**WHAT THE TASK REQUIRES**
Copy the listing below exactly, but skip the pictures.

**SUPPLIED INFORMATION**
%%
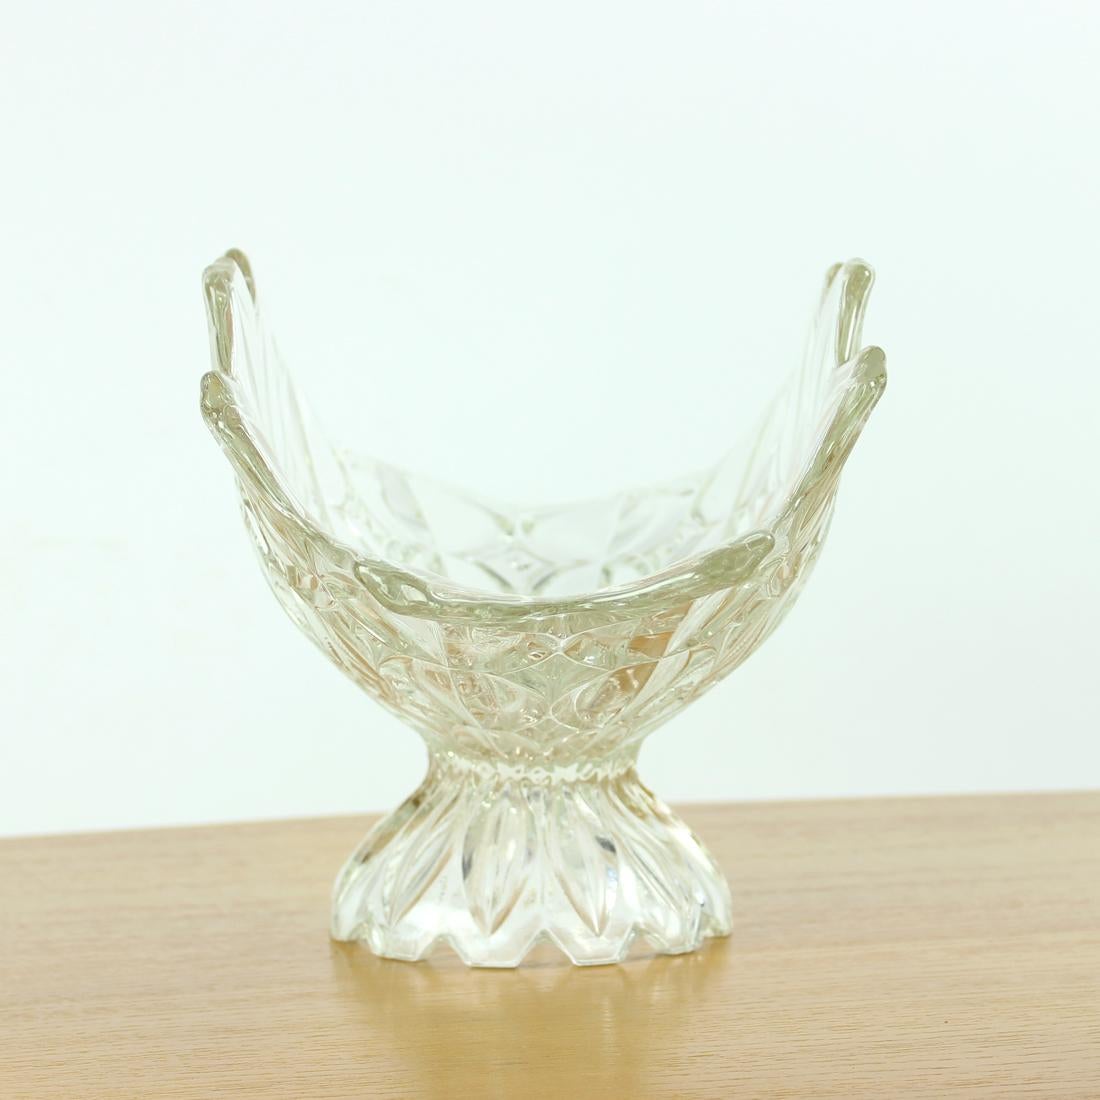 Large Pressed Glass Bowl, Tulip Collection Hermanowa Hut, 1957 For Sale 7
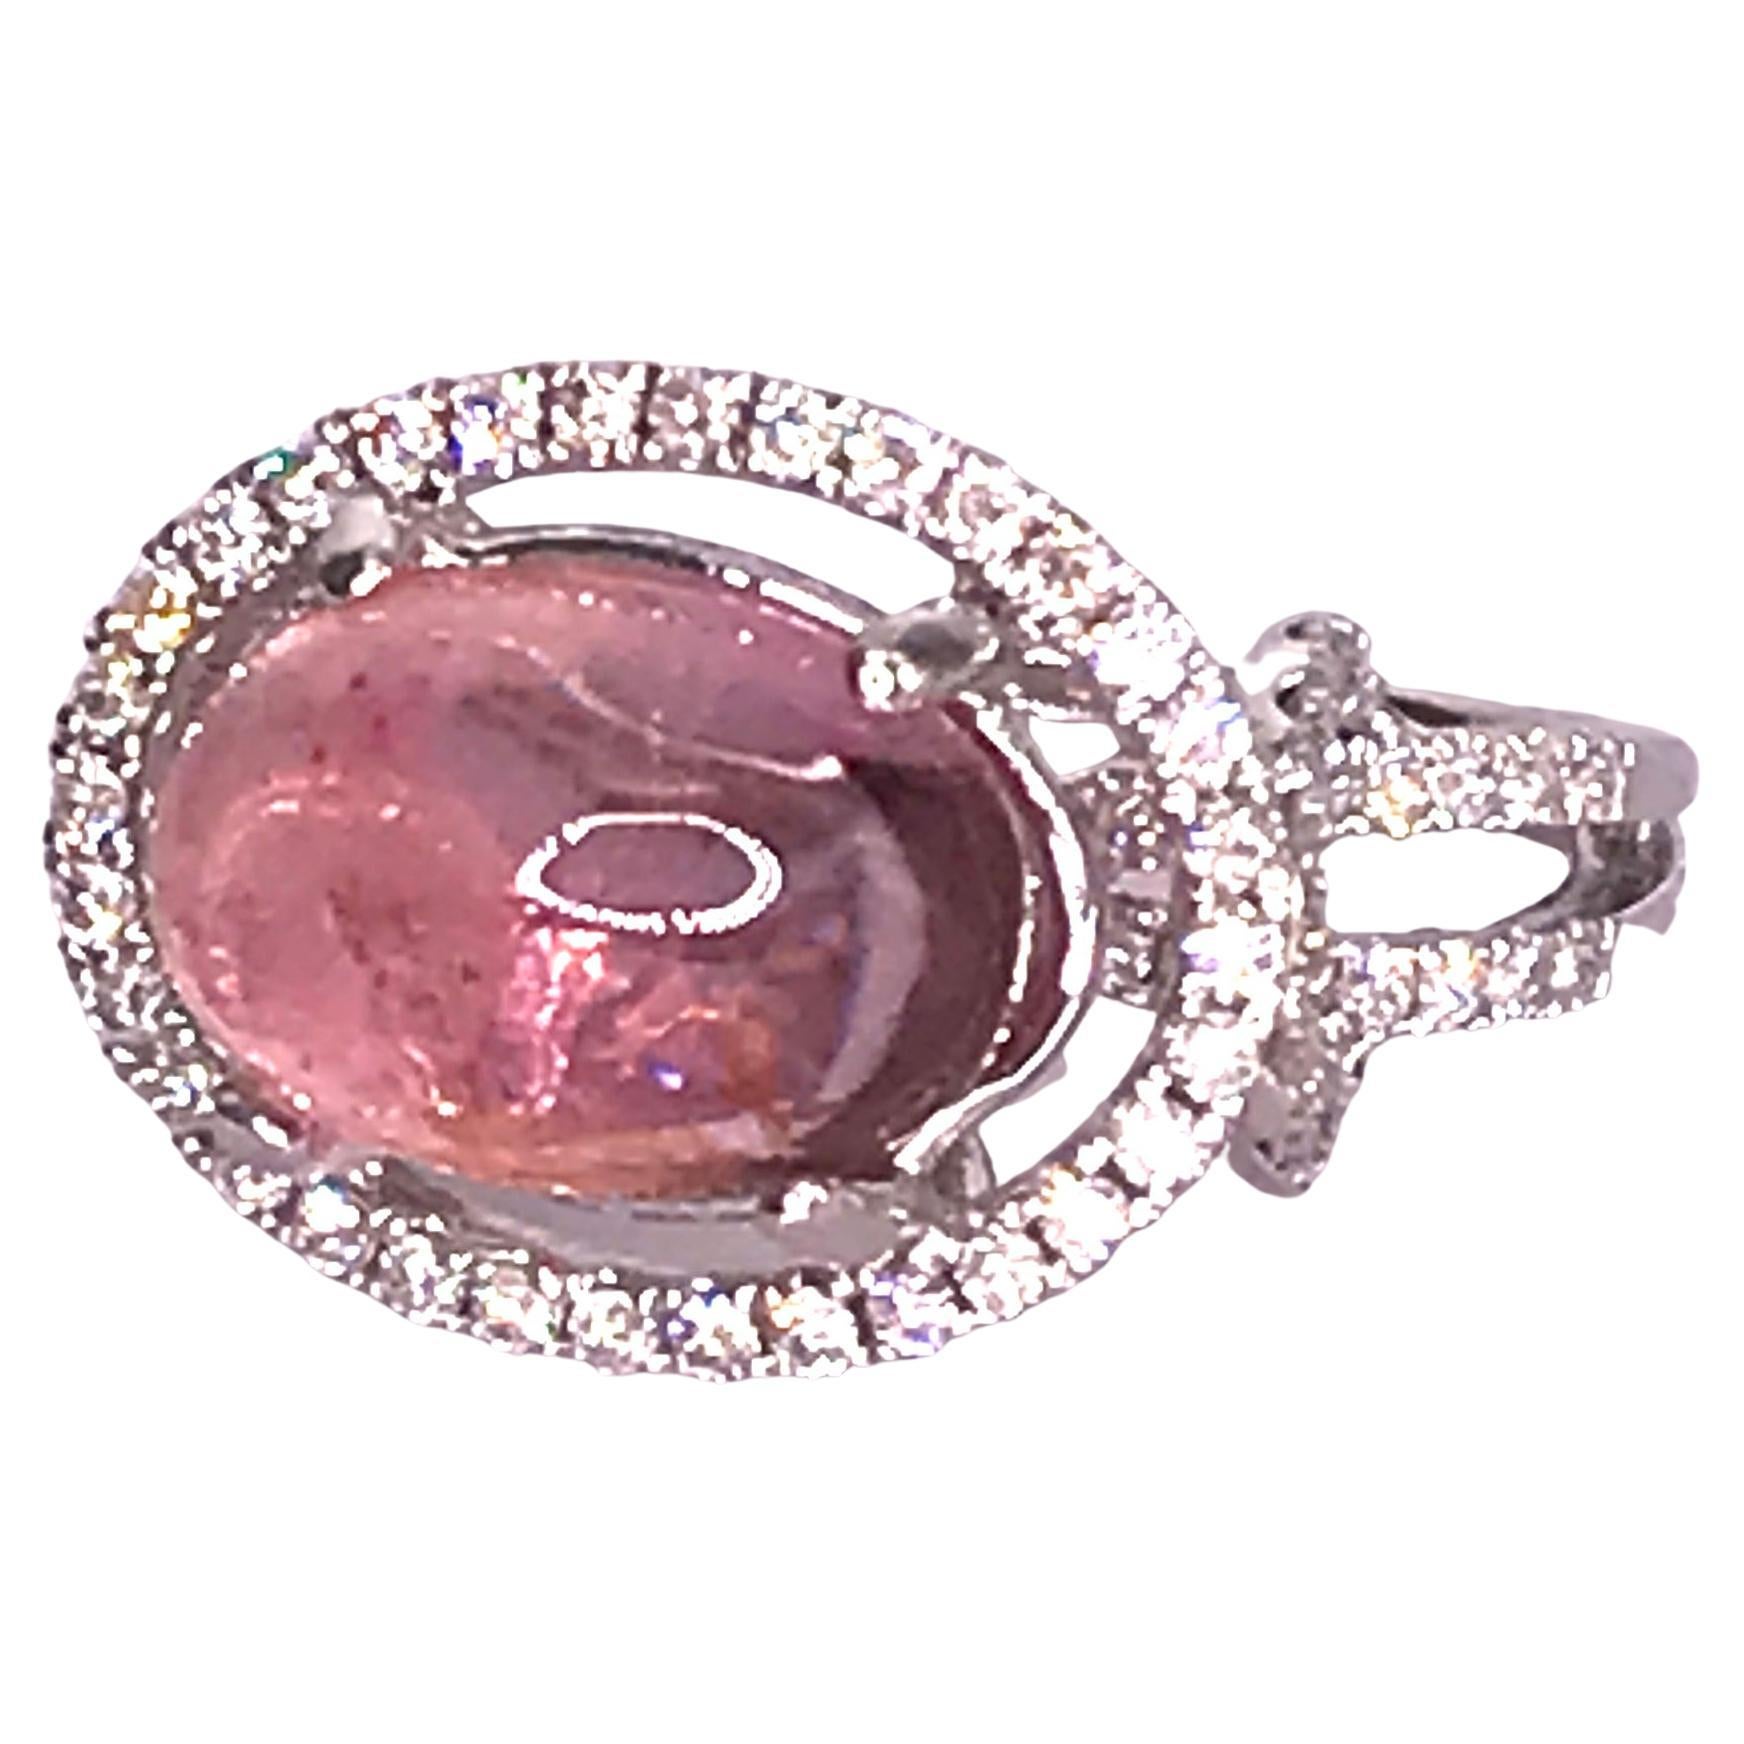 5.9 Carat Pink Tourmaline Cabochon and Diamond Ring For Sale
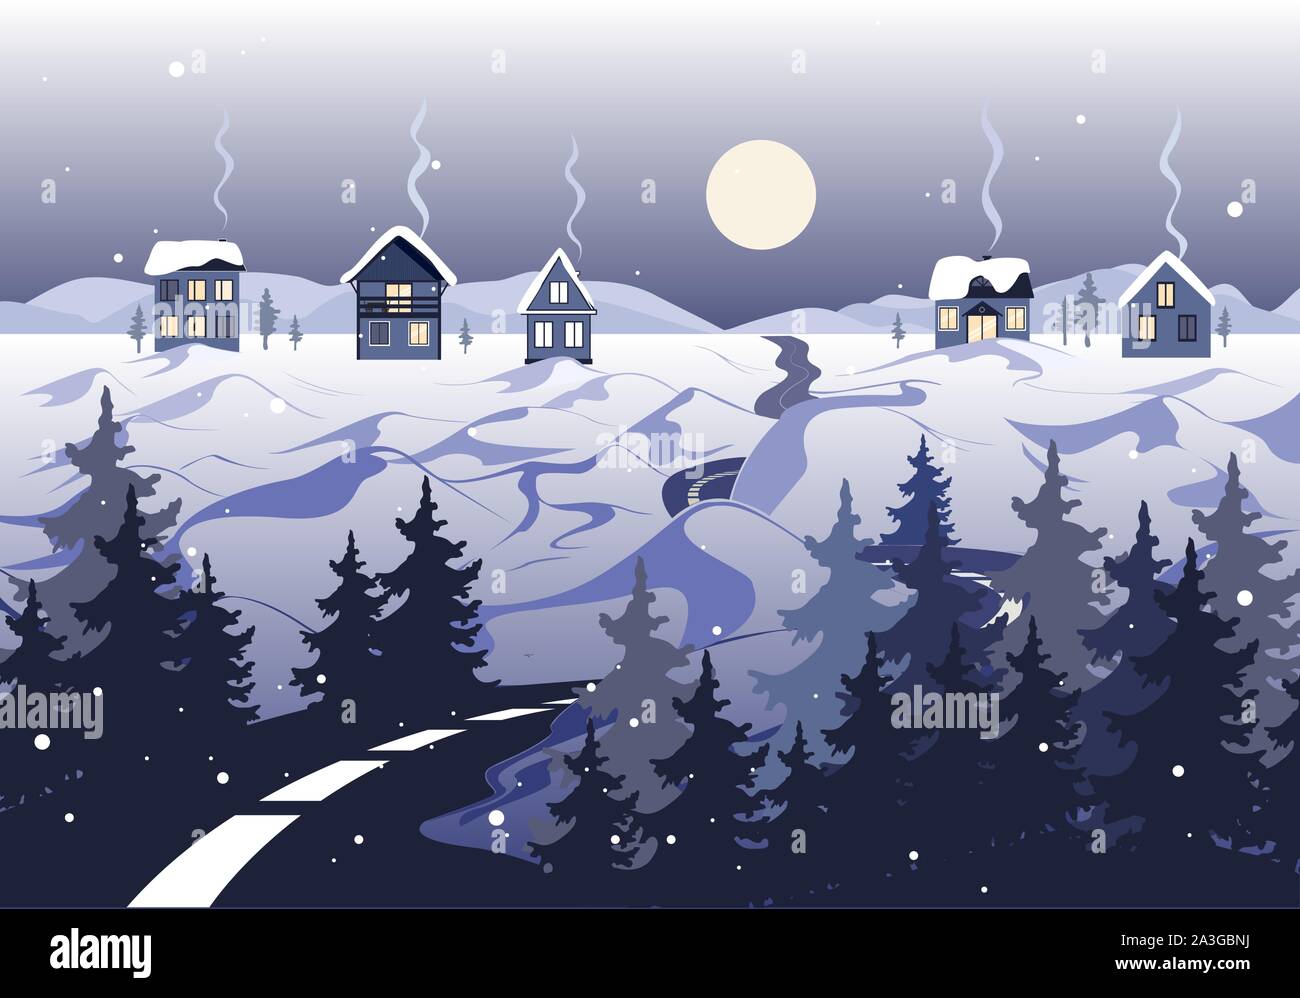 Winter landscape with road, houses and trees. Village with full moon. Happy new year and Merry Christmas card. Vector illustration Stock Vector
%%
**WORKED SOLUTION**
 Large Pressed Glass Bowl, Tulip Collection Hermanowa Hut, 1957 For Sale 7
 5.9 Carat Pink Tourmaline Cabochon and Diamond Ring For Sale
 Winter landscape with road, houses and trees. Village with full moon. Happy new year and Merry Christmas card. Vector illustration Stock Vector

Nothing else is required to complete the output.